TASK DESCRIPTION — An exact restatement of all the data is required, with the pictures left out.

---------- GIVEN MATERIAL

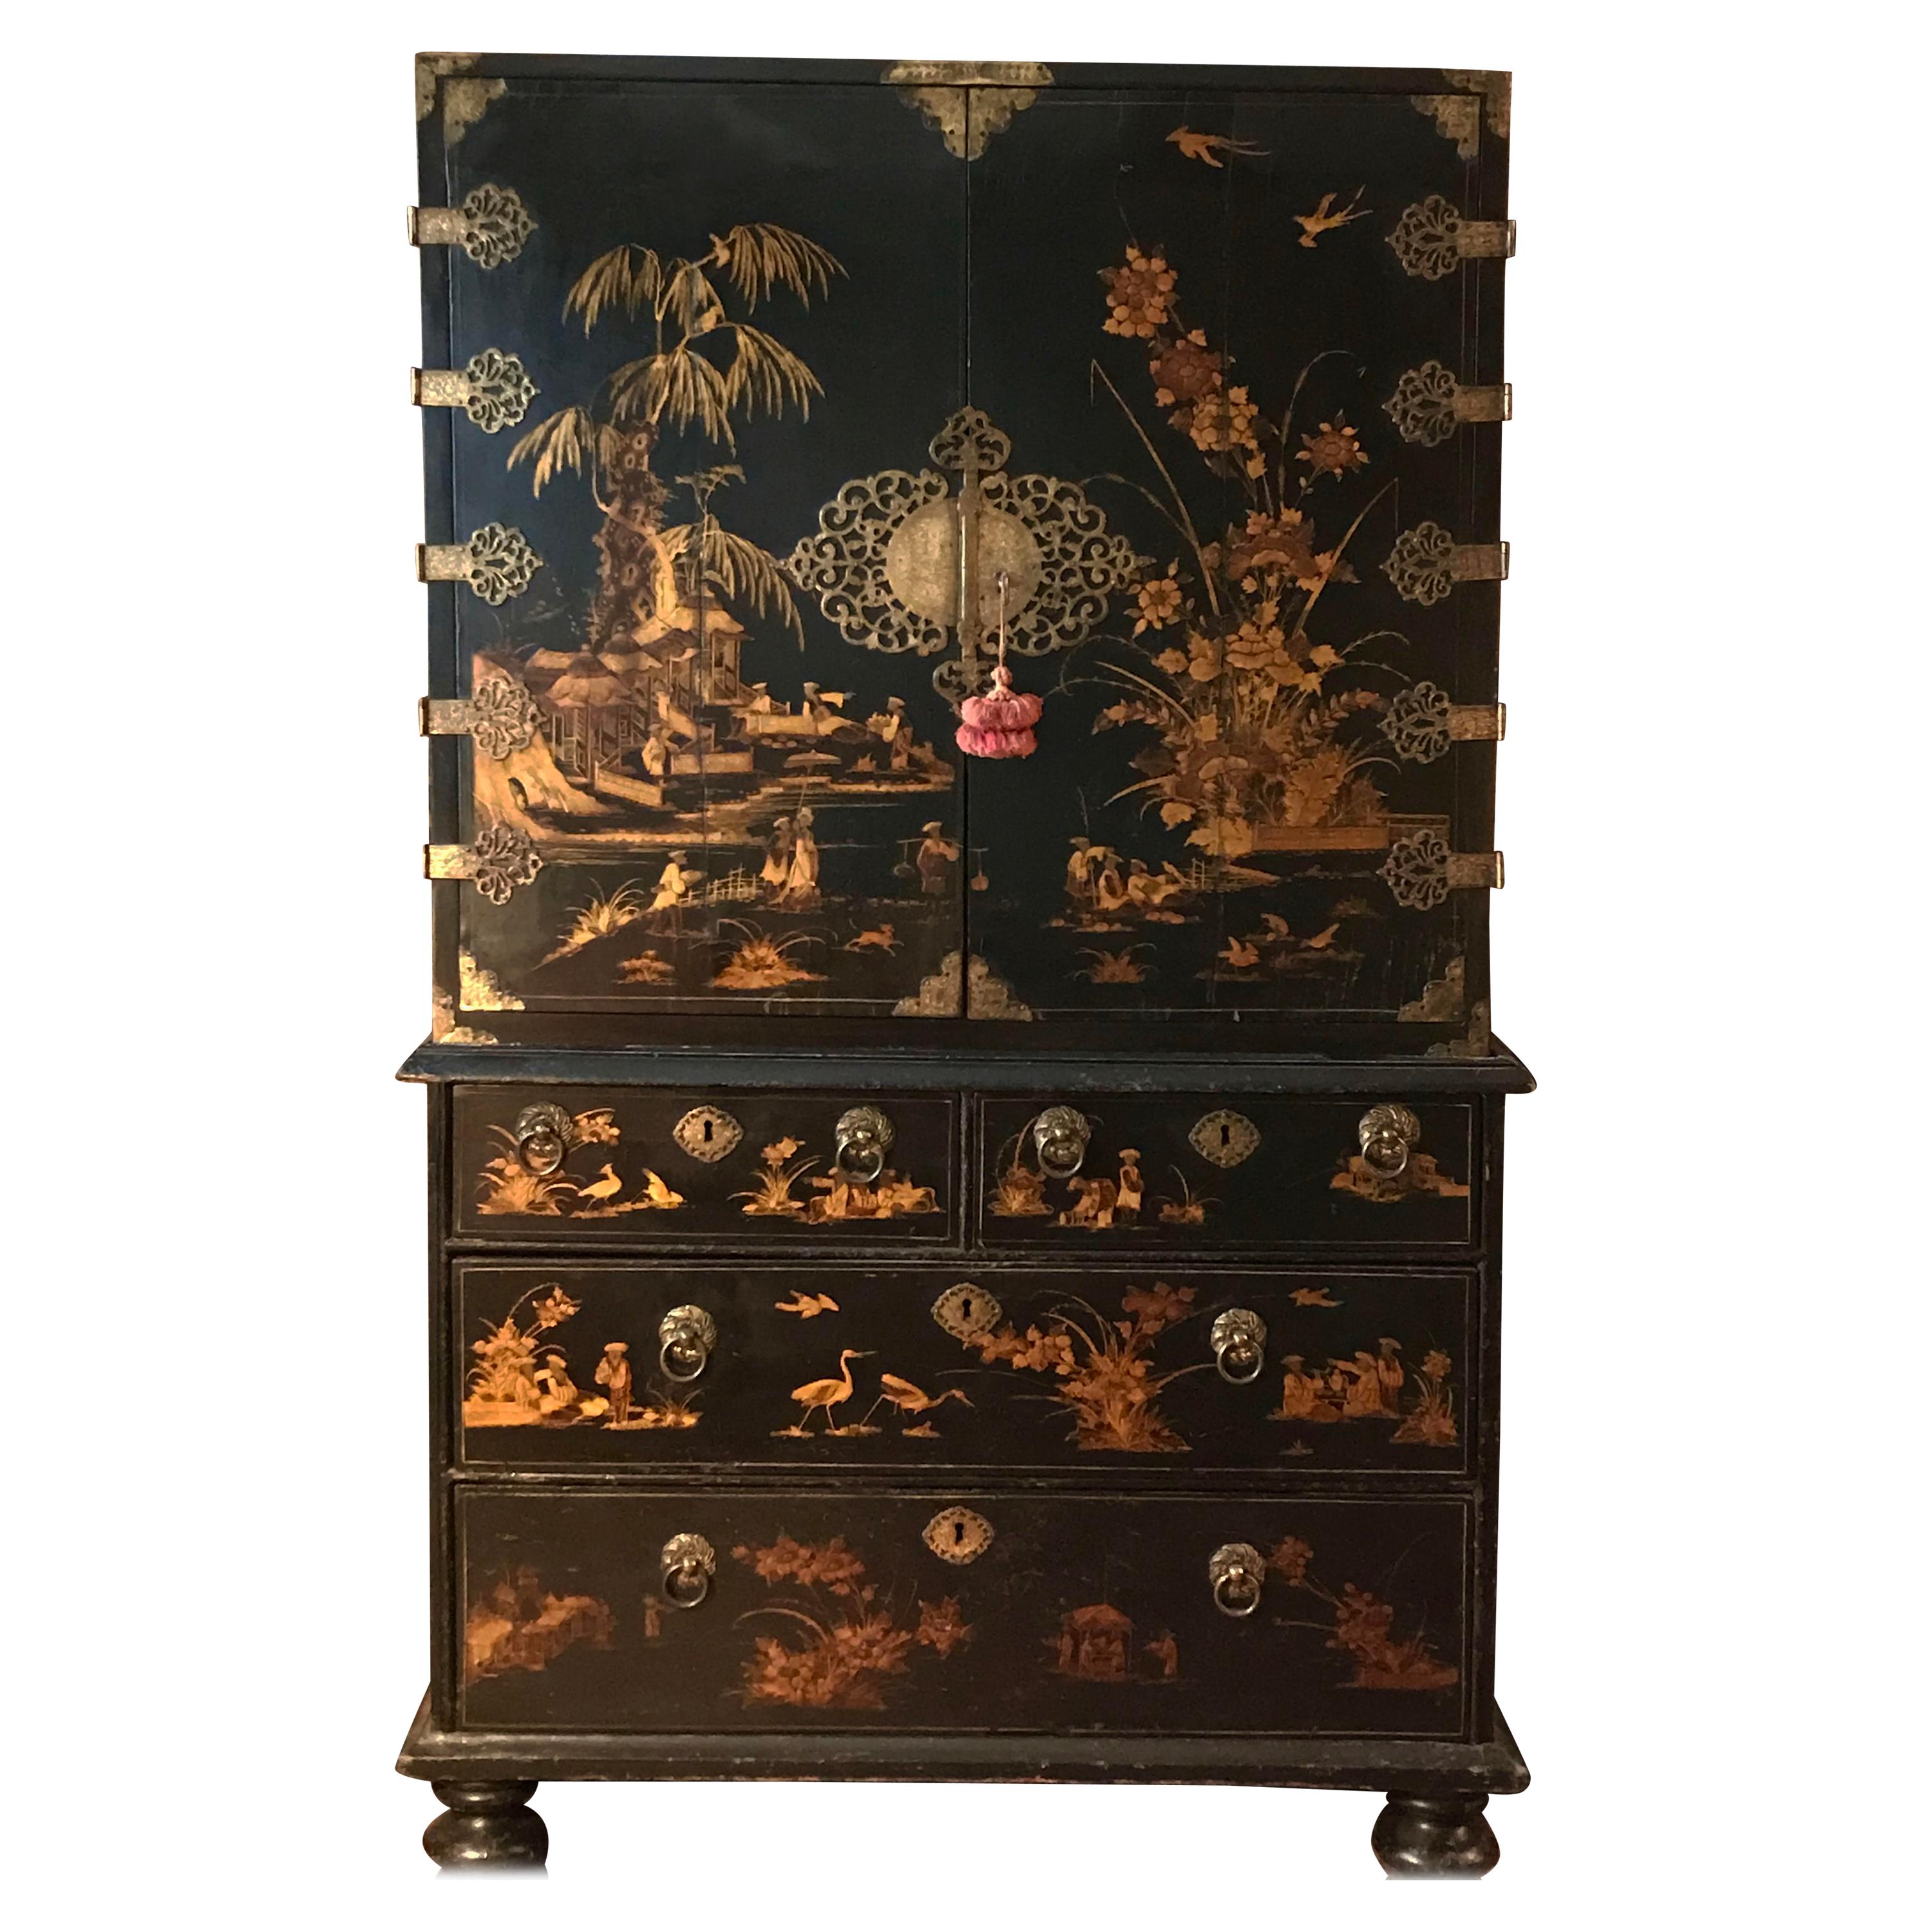 William & Mary period japanned/ lacquer cabinet - RESERVED
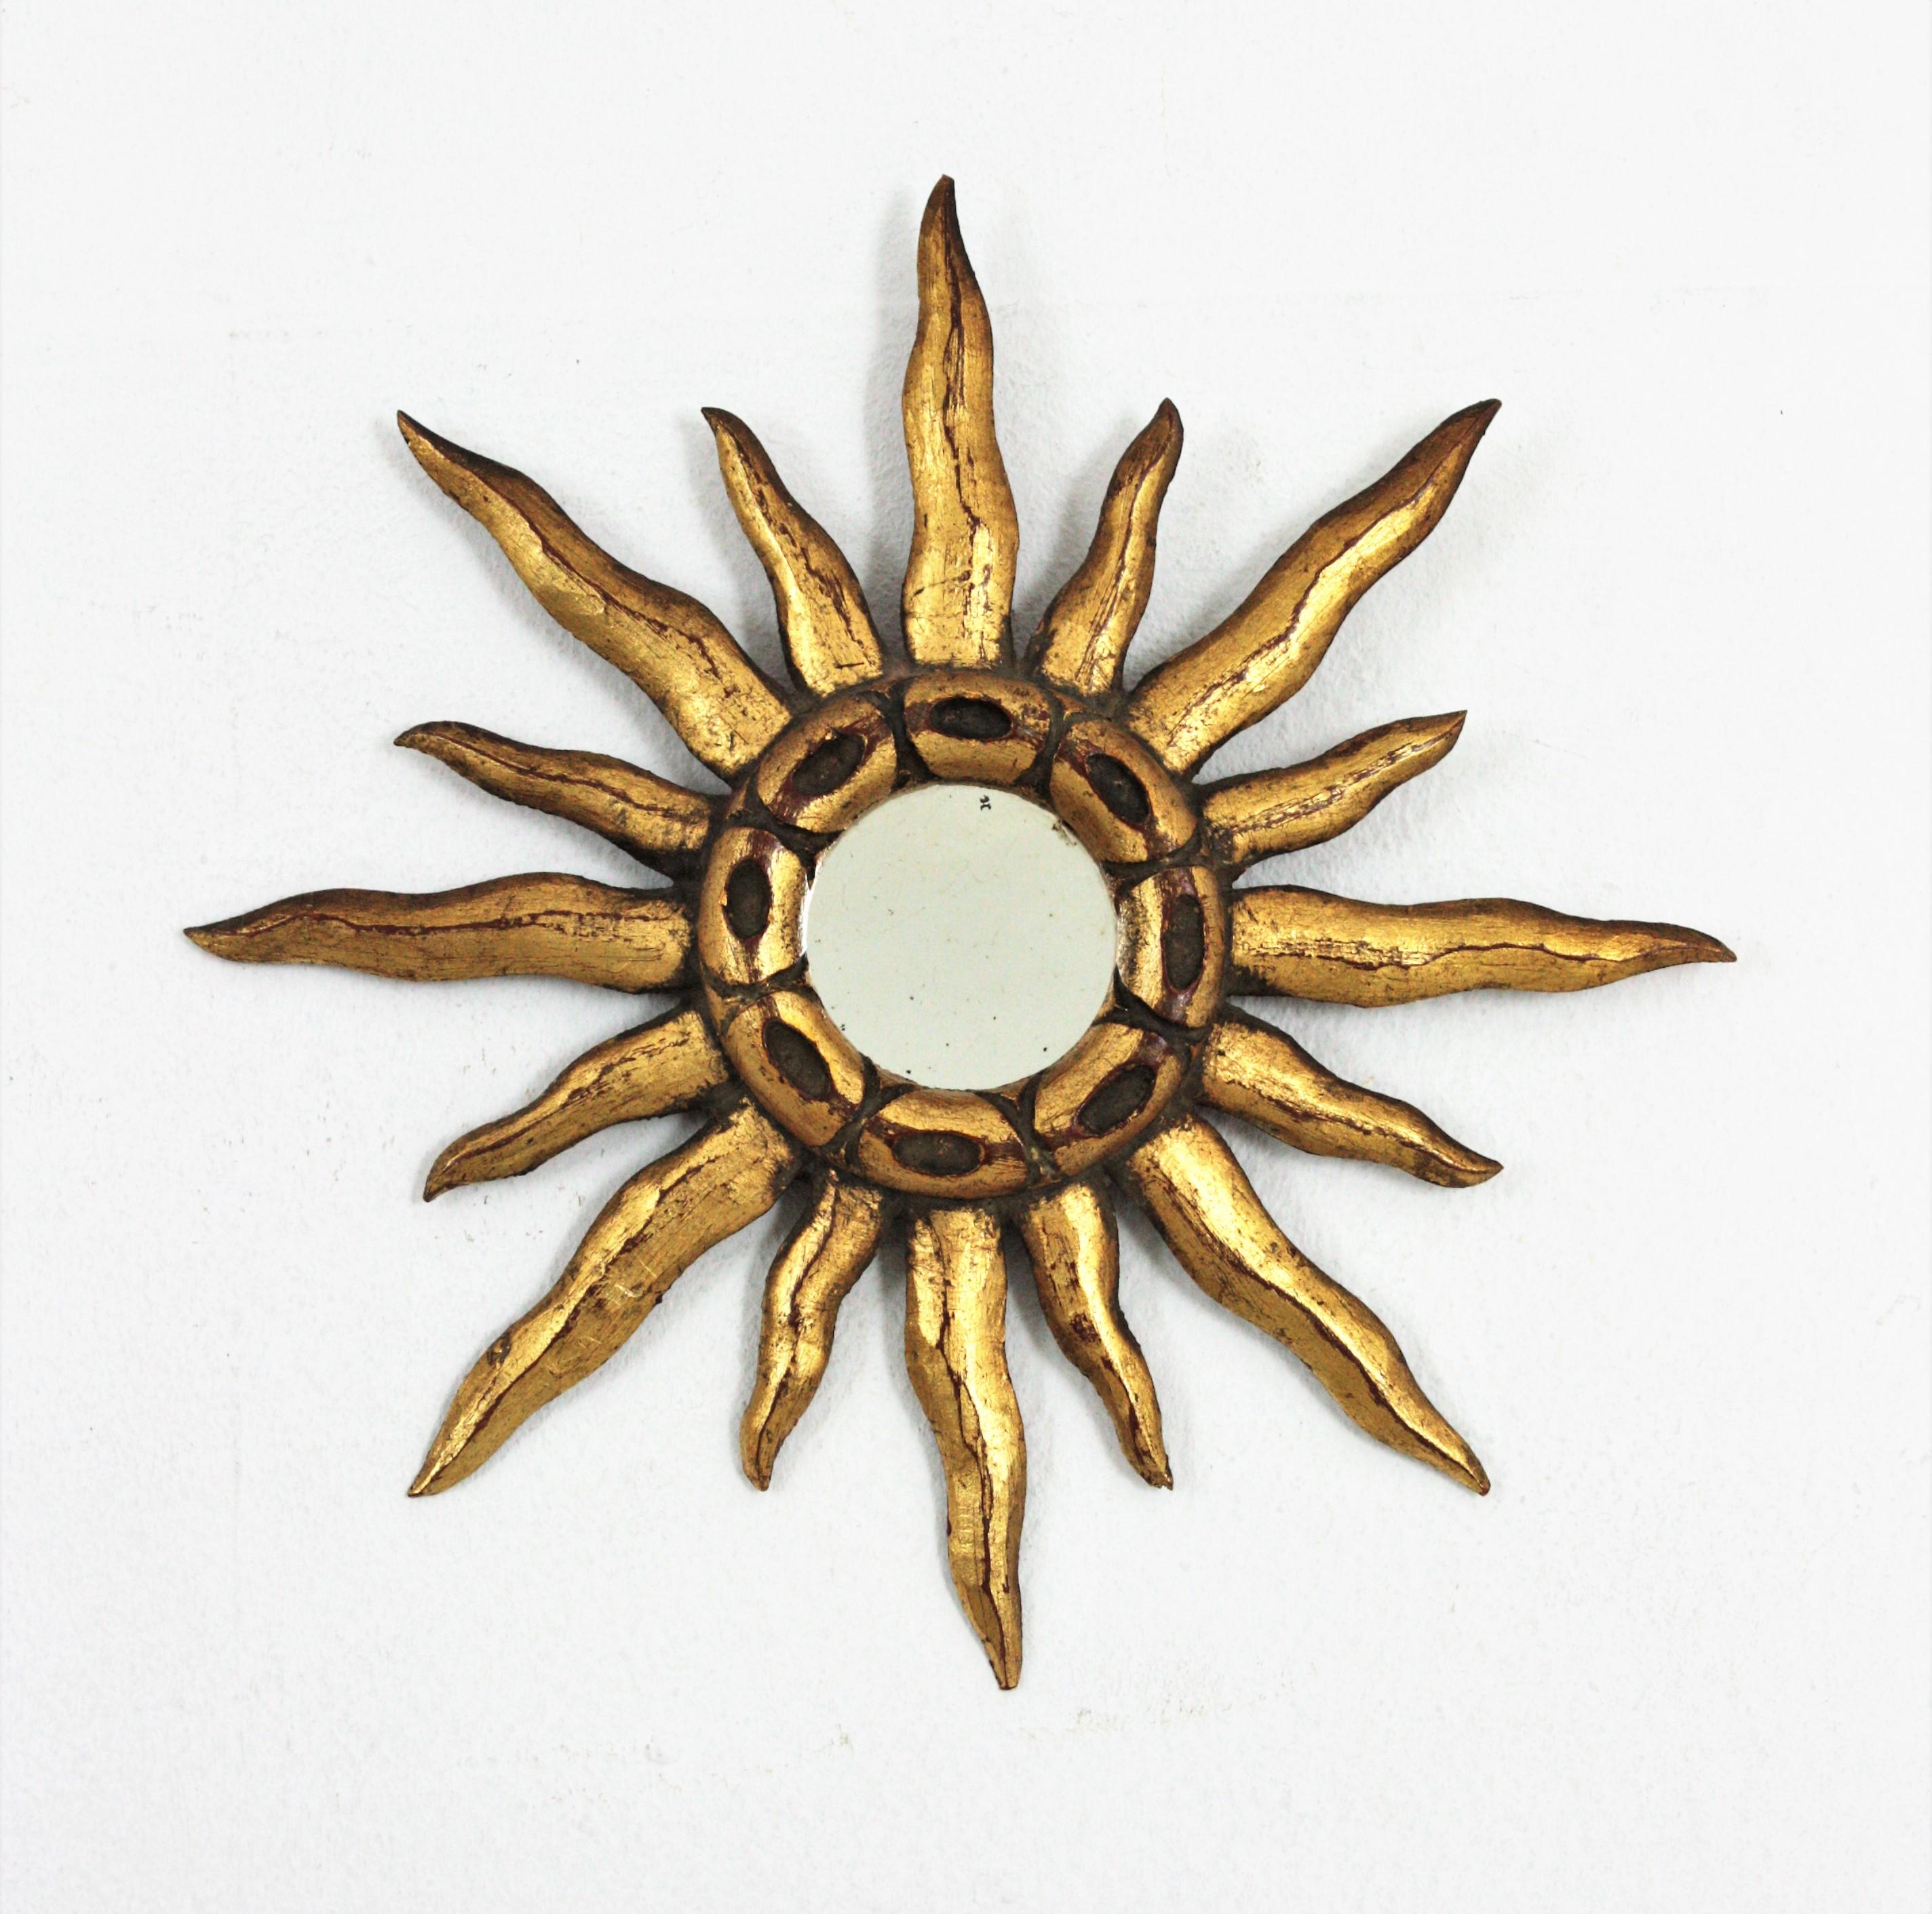 Unmatching pair of small scale sunburst mirrors in carved giltwood, Spain, 1940-1950s.
Eye-catching pair of mini sized sunburst mirrors in baroque style. Each one has a different design with carving details. One has a carved pattern at the central

--------------------

RESULT —
 William & Mary period japanned/ lacquer cabinet - RESERVED
 Unmatching pair of small scale sunburst mirrors in carved giltwood, Spain, 1940-1950s.
Eye-catching pair of mini sized sunburst mirrors in baroque style. Each one has a different design with carving details. One has a carved pattern at the central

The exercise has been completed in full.